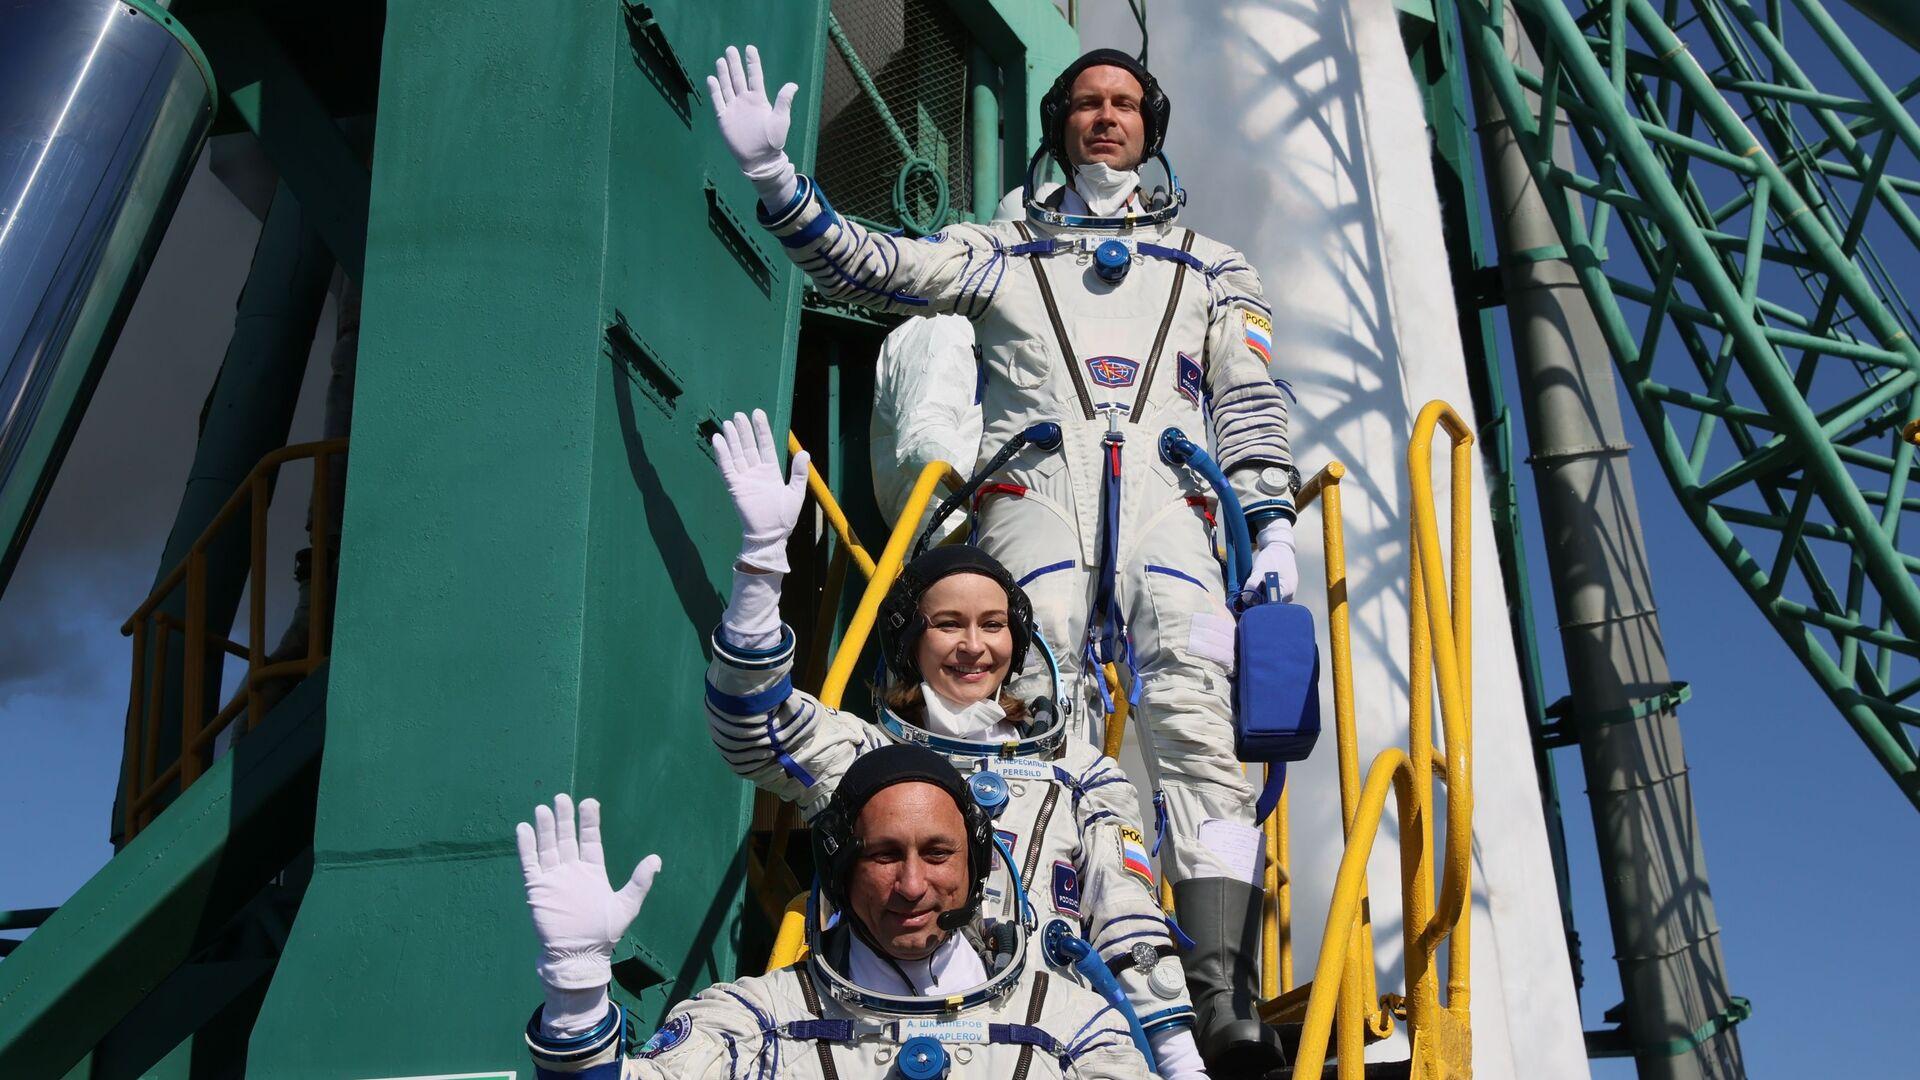 Các thành viên của phi hành đoàn chính của chuyến thám hiểm thứ 66 tới Trạm vũ trụ quốc tế trước khi phóng tàu vũ trụ Soyuz MS-19 - Sputnik Việt Nam, 1920, 06.10.2021
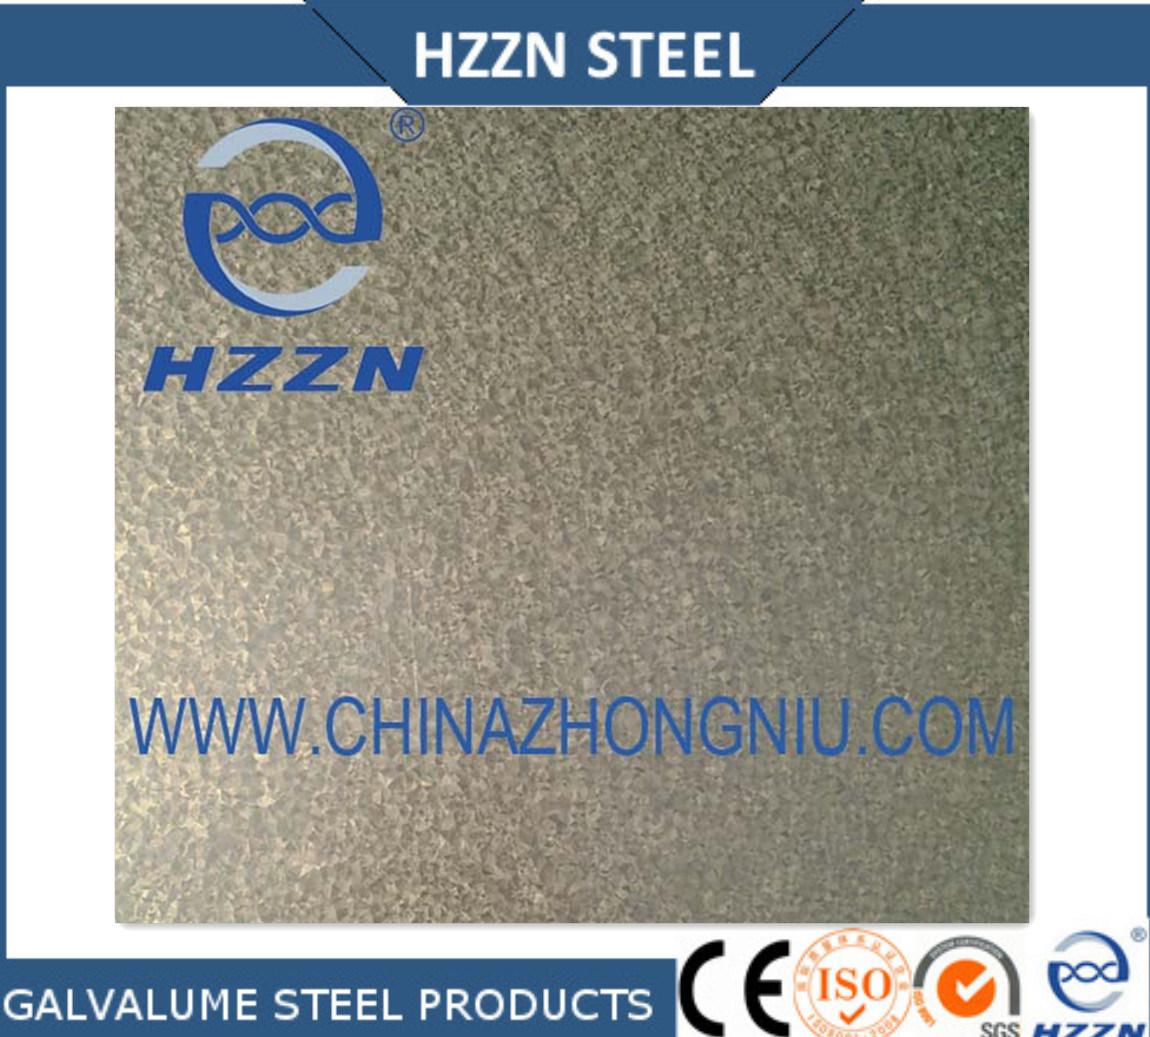 Zincalume Steel Coils Y Sheet/Bobinas Y Laminas De Acero Galvalume Y Planchas Onduladas (Calaminas Galvalume) Gl
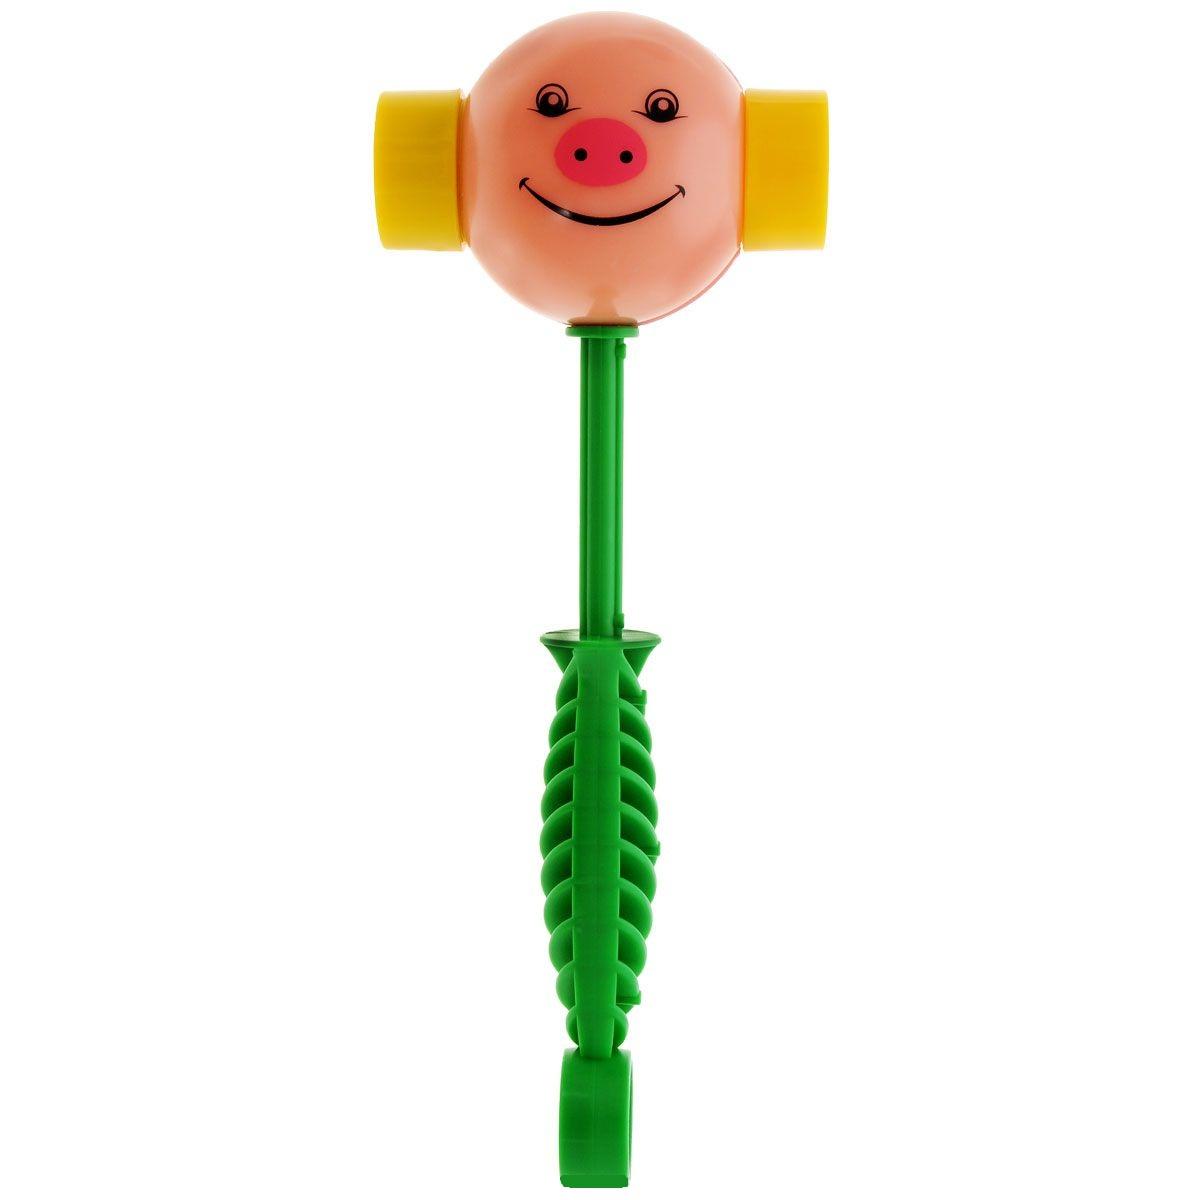 Погремушка «Весёлый молоточек»Детские погремушки и подвесные игрушки на кроватку<br>Погремушка «Весёлый молоточек»<br>
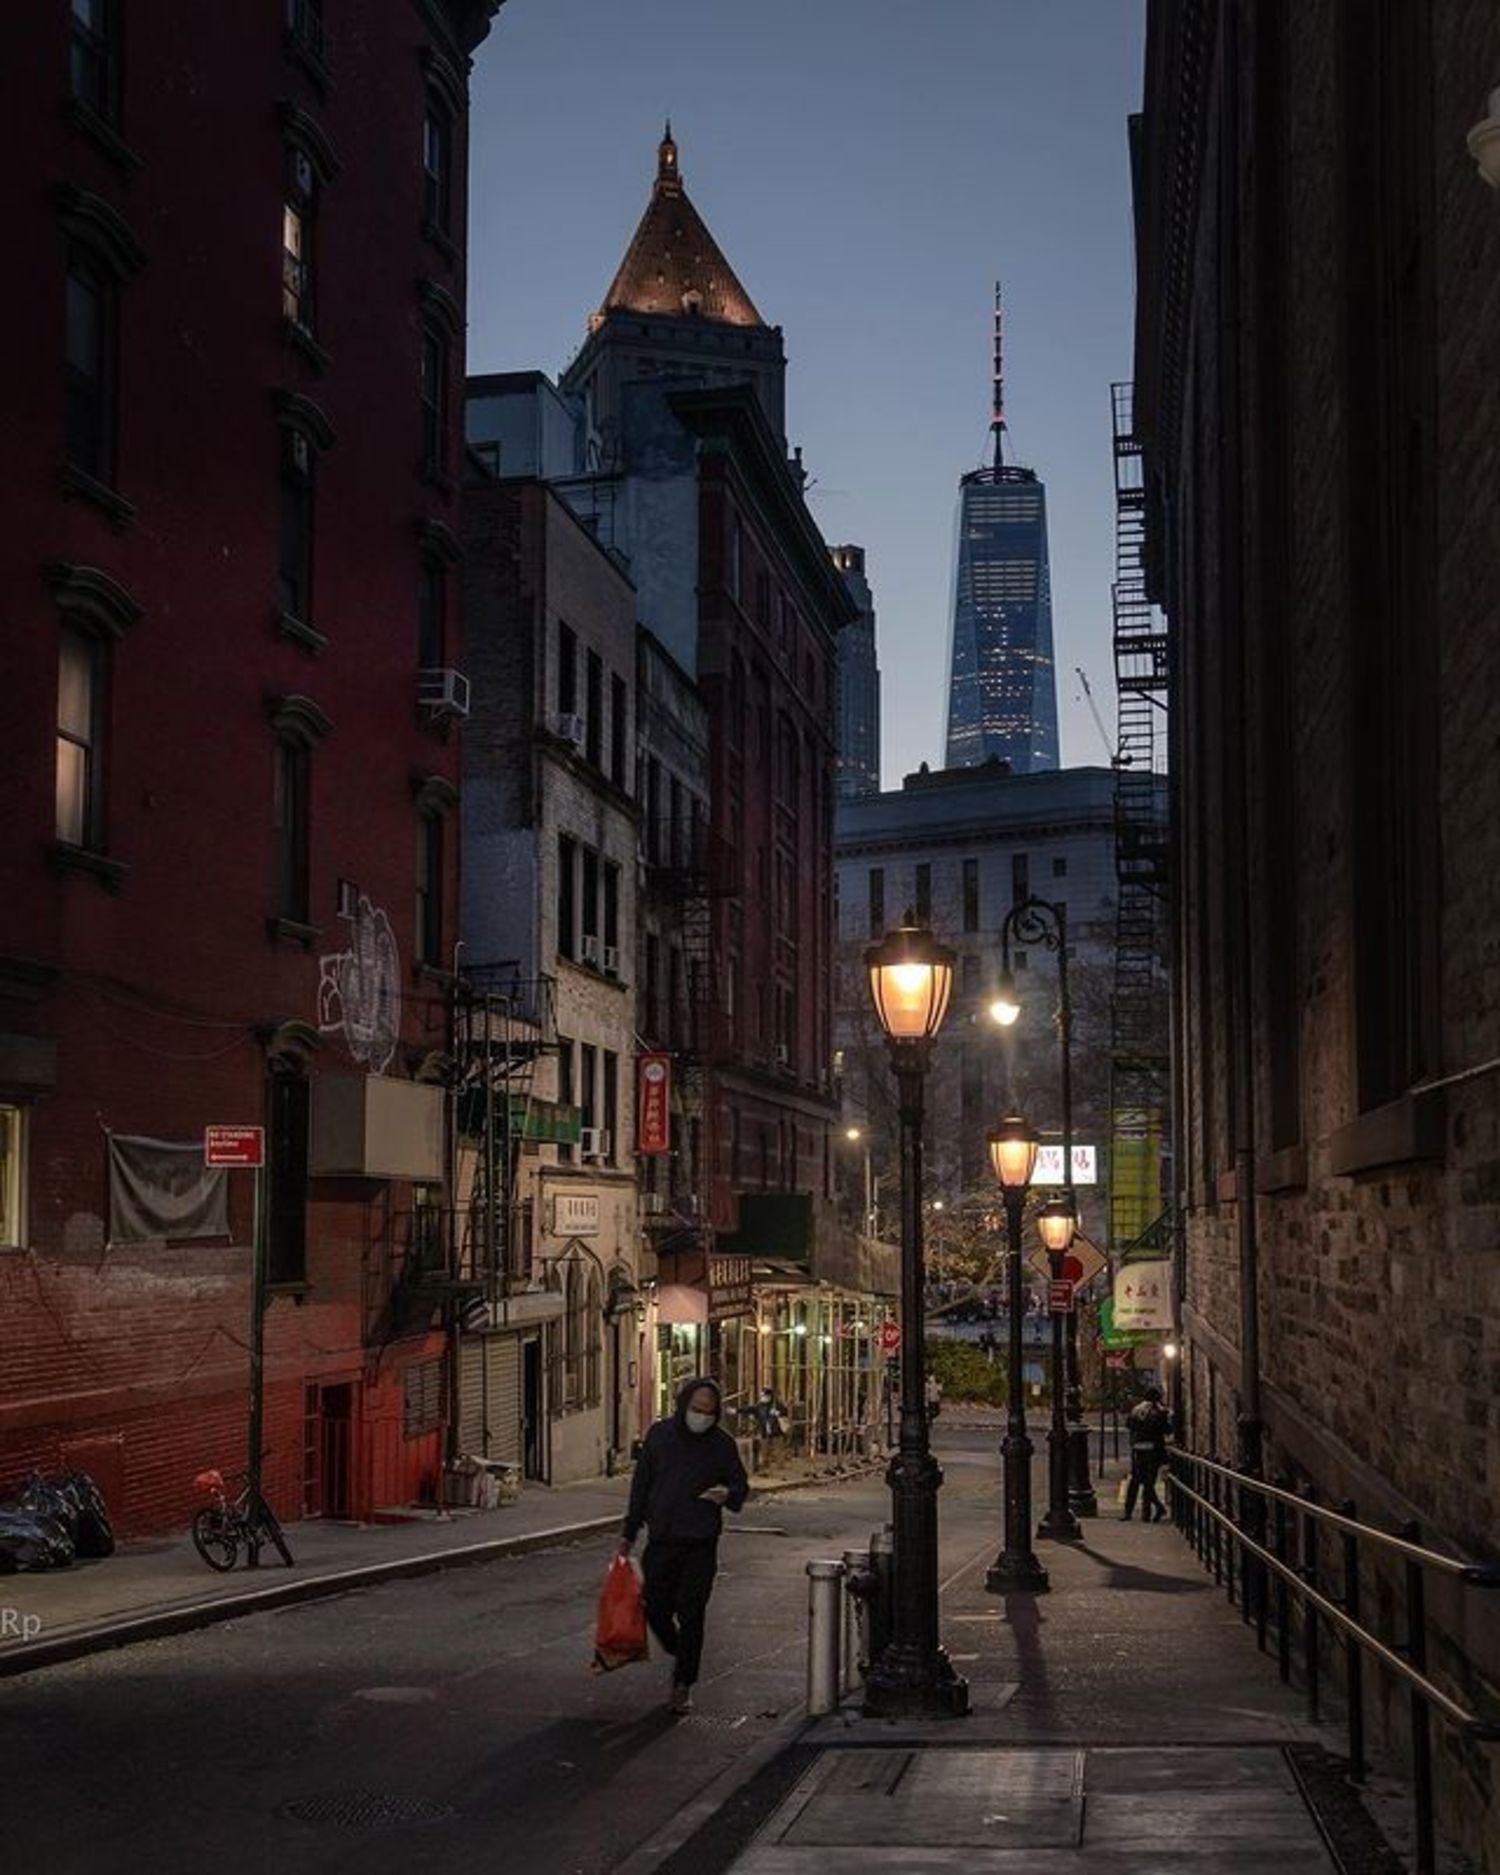 Mosco Street, Chinatown, Manhattan
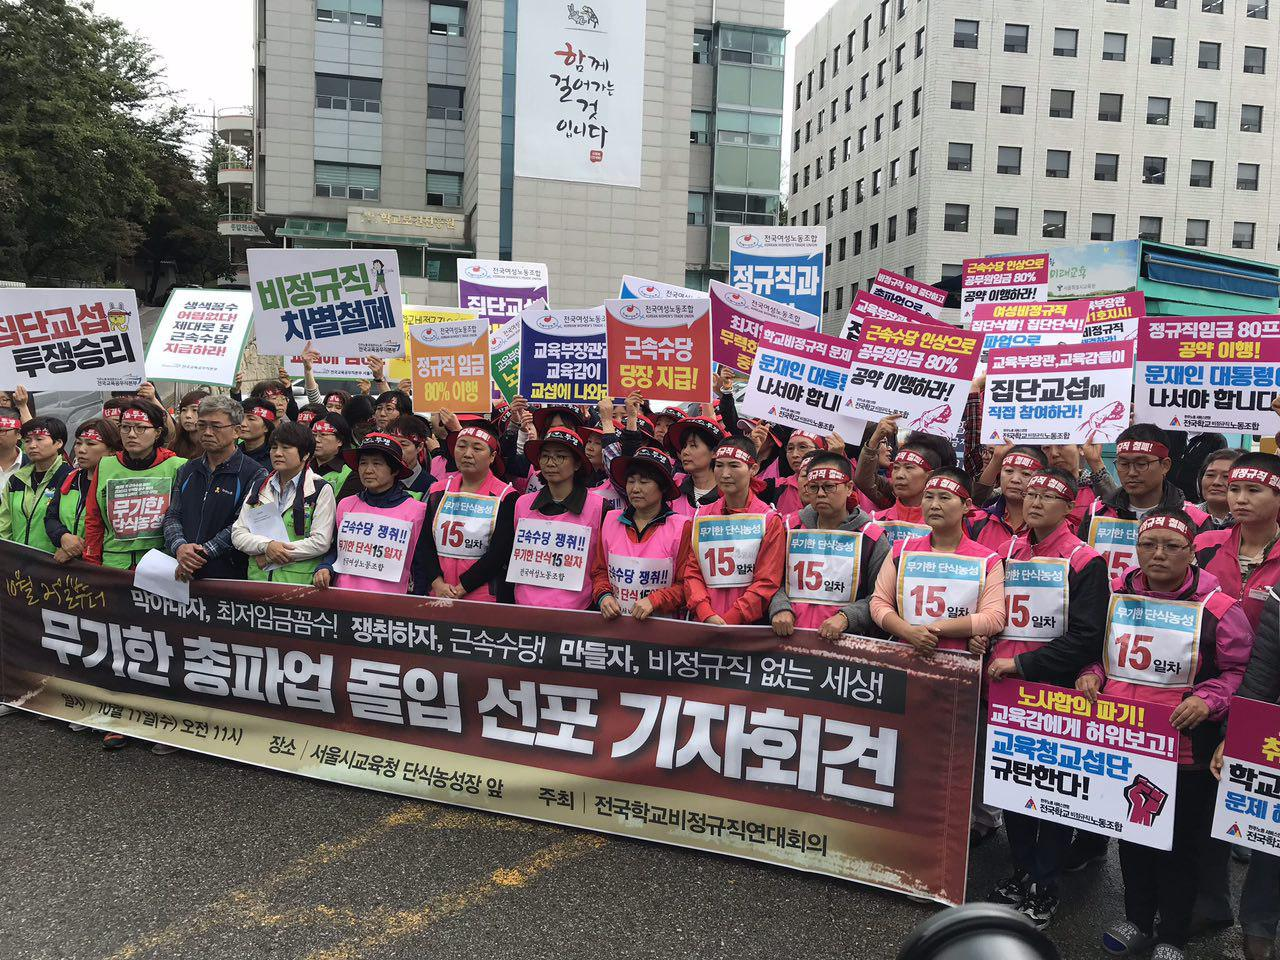 연대회의 총파업 돌입 선포 기자회견 10월 25일, 26일 전국 총파업에 돌입할 것을 선포했다.

*About this task*
Could you write out the whole listing exactly, skipping every picture?

*Result for this exercise*
 Các thành viên của phi hành đoàn chính của chuyến thám hiểm thứ 66 tới Trạm vũ trụ quốc tế trước khi phóng tàu vũ trụ Soyuz MS-19 - Sputnik Việt Nam, 1920, 06.10.2021
 Zincalume Steel Coils Y Sheet/Bobinas Y Laminas De Acero Galvalume Y Planchas Onduladas (Calaminas Galvalume) Gl
 Погремушка «Весёлый молоточек»Детские погремушки и подвесные игрушки на кроватку<br>Погремушка «Весёлый молоточек»<br>
 Mosco Street, Chinatown, Manhattan
 연대회의 총파업 돌입 선포 기자회견 10월 25일, 26일 전국 총파업에 돌입할 것을 선포했다.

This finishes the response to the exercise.